___ Information provided ___

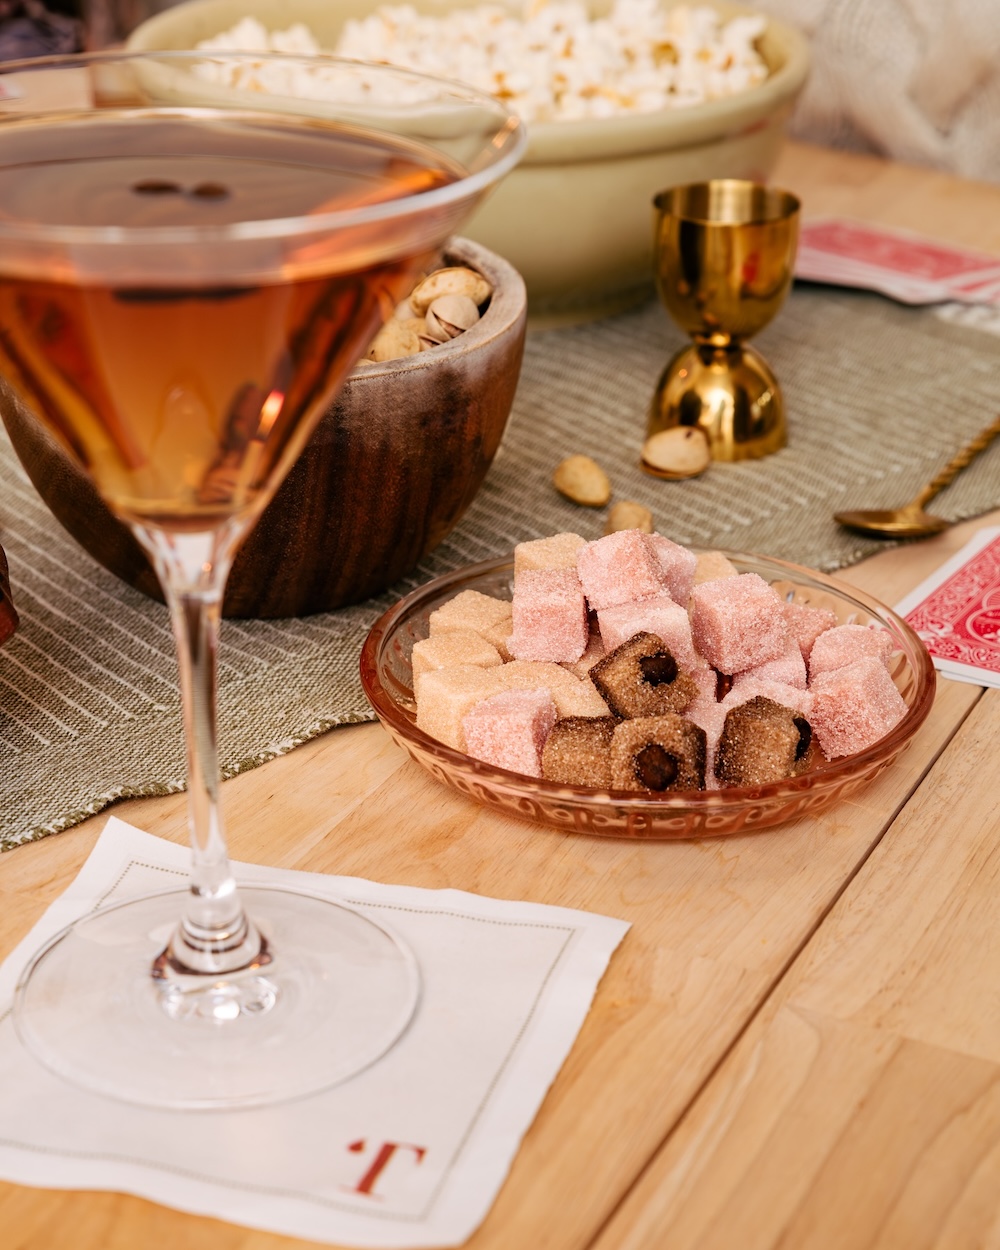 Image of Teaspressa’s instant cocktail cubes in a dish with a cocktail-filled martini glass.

___
___ Information provided ___

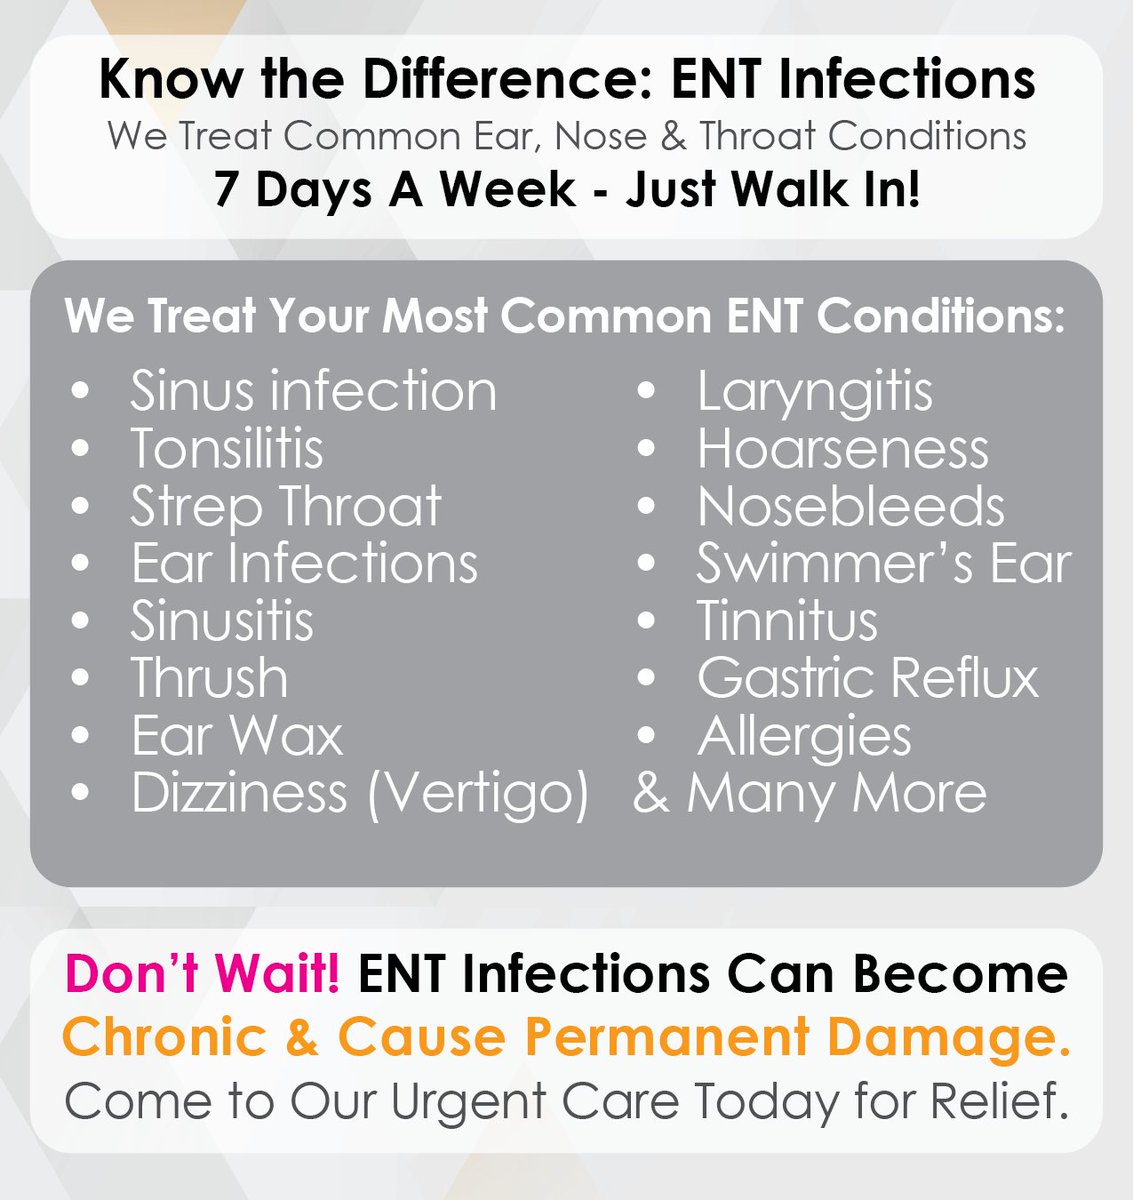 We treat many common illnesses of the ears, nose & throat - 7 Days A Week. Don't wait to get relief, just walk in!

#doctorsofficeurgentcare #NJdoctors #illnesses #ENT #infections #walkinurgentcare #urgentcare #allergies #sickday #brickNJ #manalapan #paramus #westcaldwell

___

* What you should do
Using the listing above, repeat word for word each line from the one with "We treat many" down to the one with "#doctorsofficeurgentcare #NJdoctors #illnesses", both included. Omit all pictures.

* Result below
 We treat many common illnesses of the ears, nose & throat - 7 Days A Week. Don't wait to get relief, just walk in!

#doctorsofficeurgentcare #NJdoctors #illnesses #ENT #infections #walkinurgentcare #urgentcare #allergies #sickday #brickNJ #manalapan #paramus #westcaldwell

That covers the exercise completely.